About me
For the past 16 years, I have worked in organizations advocating for children and populations whose voices were not heard. I have worked with kids with behavioral challenges, mental health concerns, learning disabilities, and trauma. This experience has given me the skills to identify and assess mitigation themes and to confirm and understand a person’s history. I have utilized my excellent communication skills through home visits, written reports, and oral presentations.
Before working with children and vulnerable populations, I worked as a union organizer for 10 years, conducting hundreds of in-home visits with workers towards the goal of self-advocacy.
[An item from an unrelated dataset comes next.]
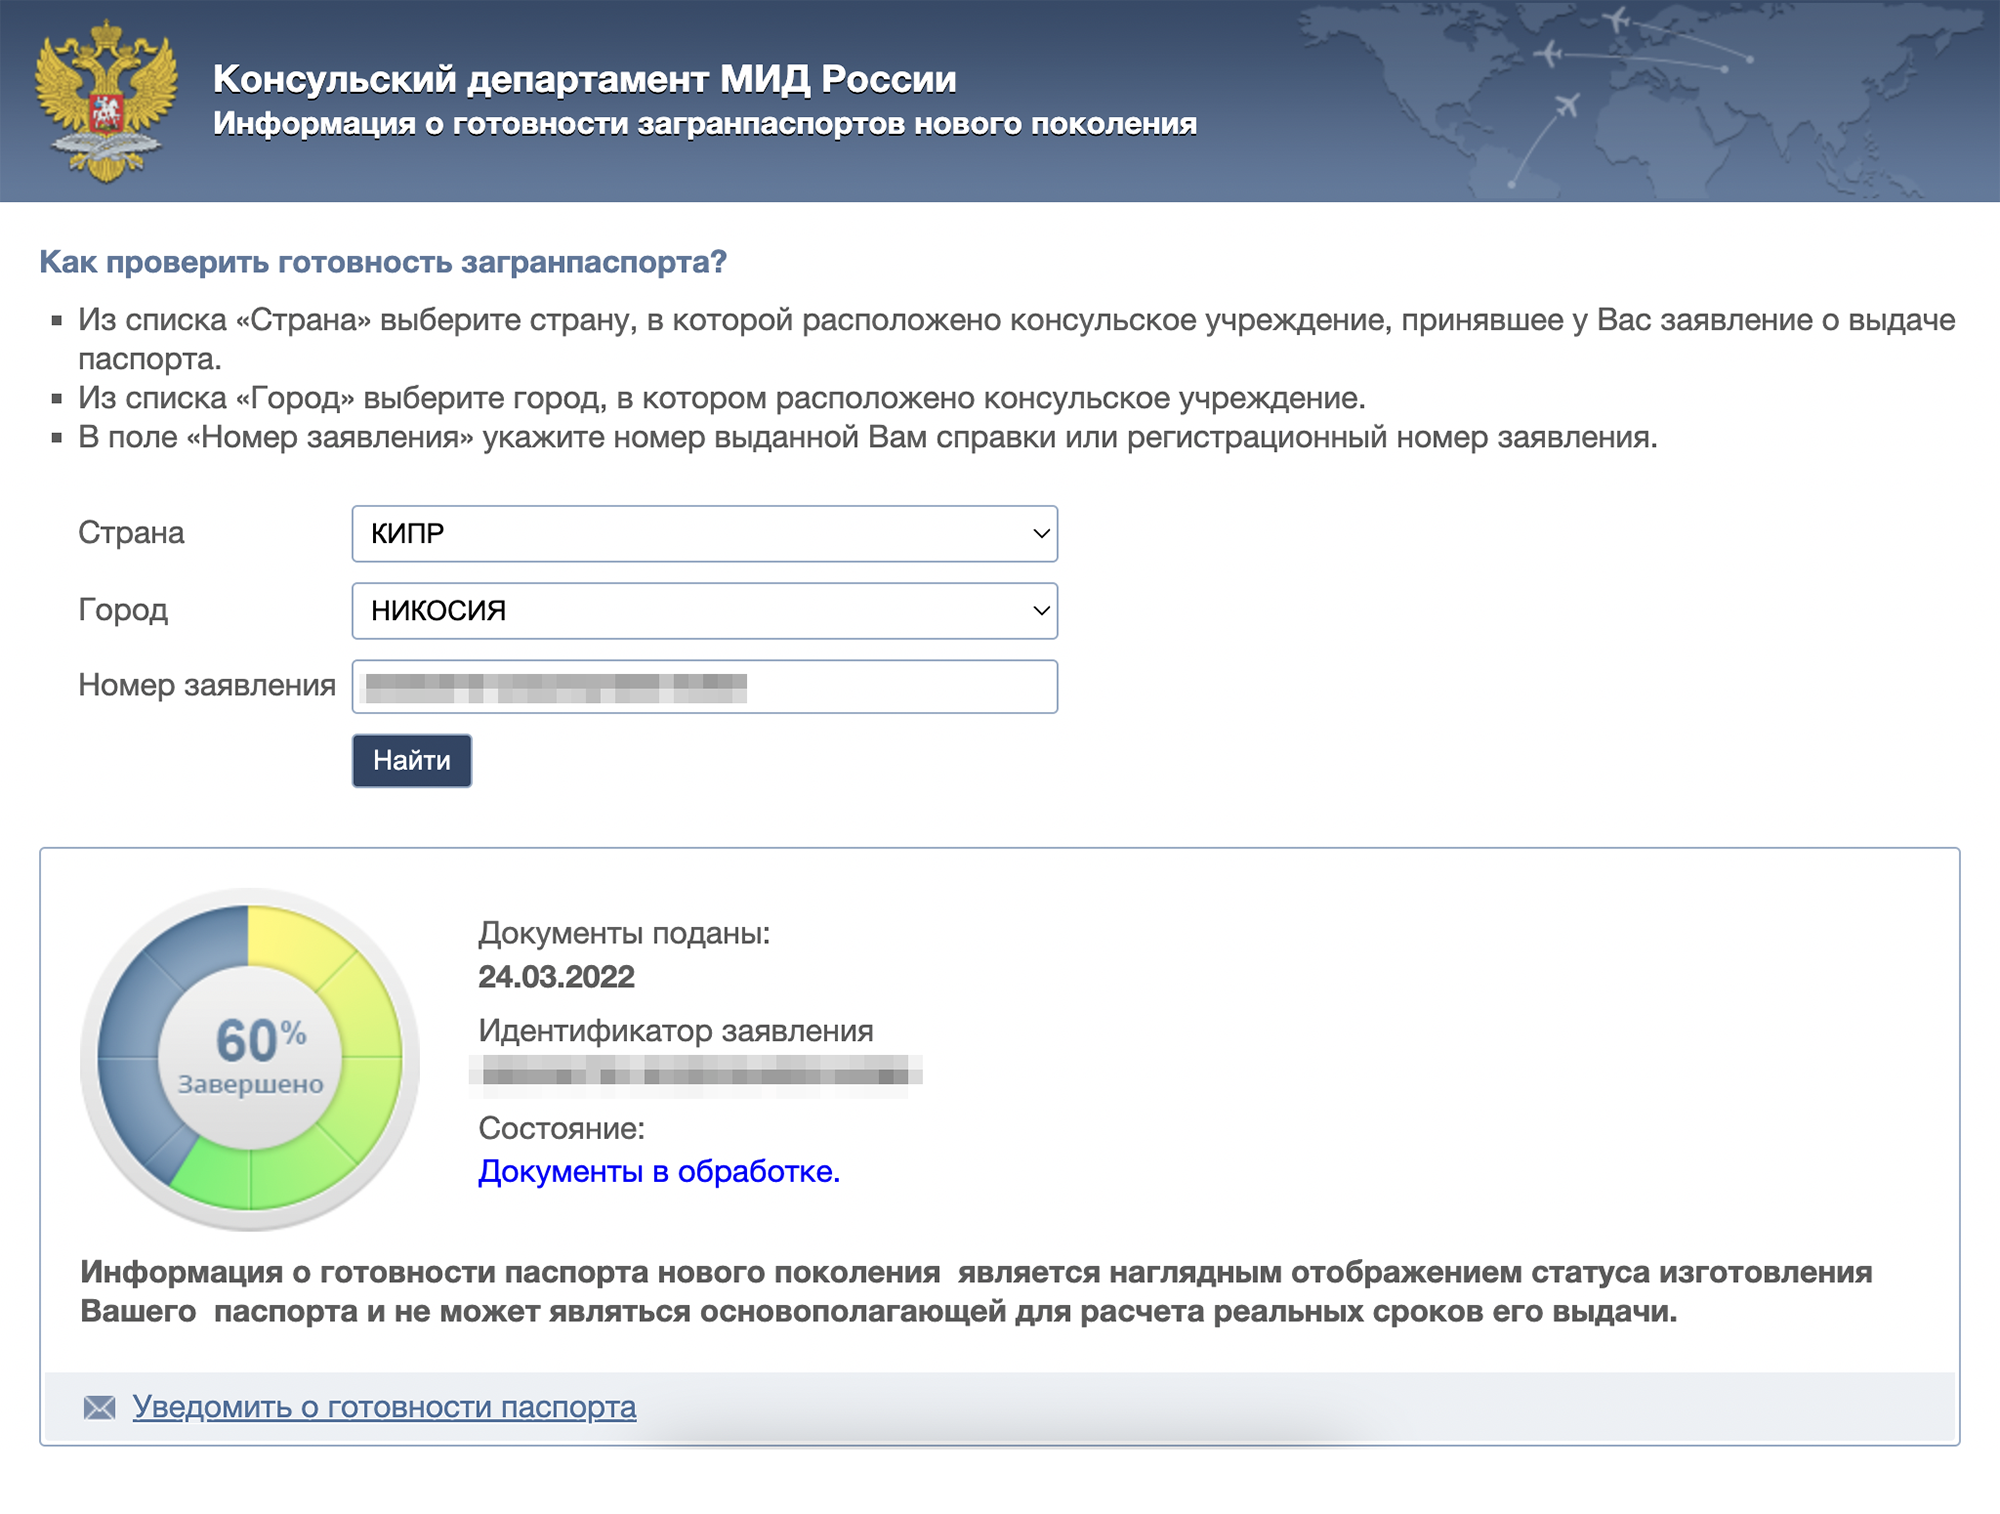 На этой странице я отслеживала готовность паспорта. Источник: info.midpass.ru

My greatest strengths are my ability to make people feel comfortable sharing personal and sensitive information, keen listening skills and intuitive understanding how the information fits into a meaningful narrative. I have worked with school employees, social workers, diagnostic experts, and law-enforcement to advocate for children and their needs. I have heard stories and experienced firsthand many of the issues faced by children growing up in poverty. I have worked with children who suffer from learning disabilities and/or a wide variety of mental health disorders. I understand how each of these challenges play a role in an individual’s development, and I have used my experience to provide creative problem solving.
I decided to become a mitigation and sentencing specialist after seeing a need for sentencing advocacy in the work I have done with families. My husband, sister-in-law, and brother-in-law have all represented individuals charged with capital offenses, and I have witnessed the importance of sentencing mitigation in criminal defense. Our family strongly believes in the need for effective advocacy in the criminal justice system.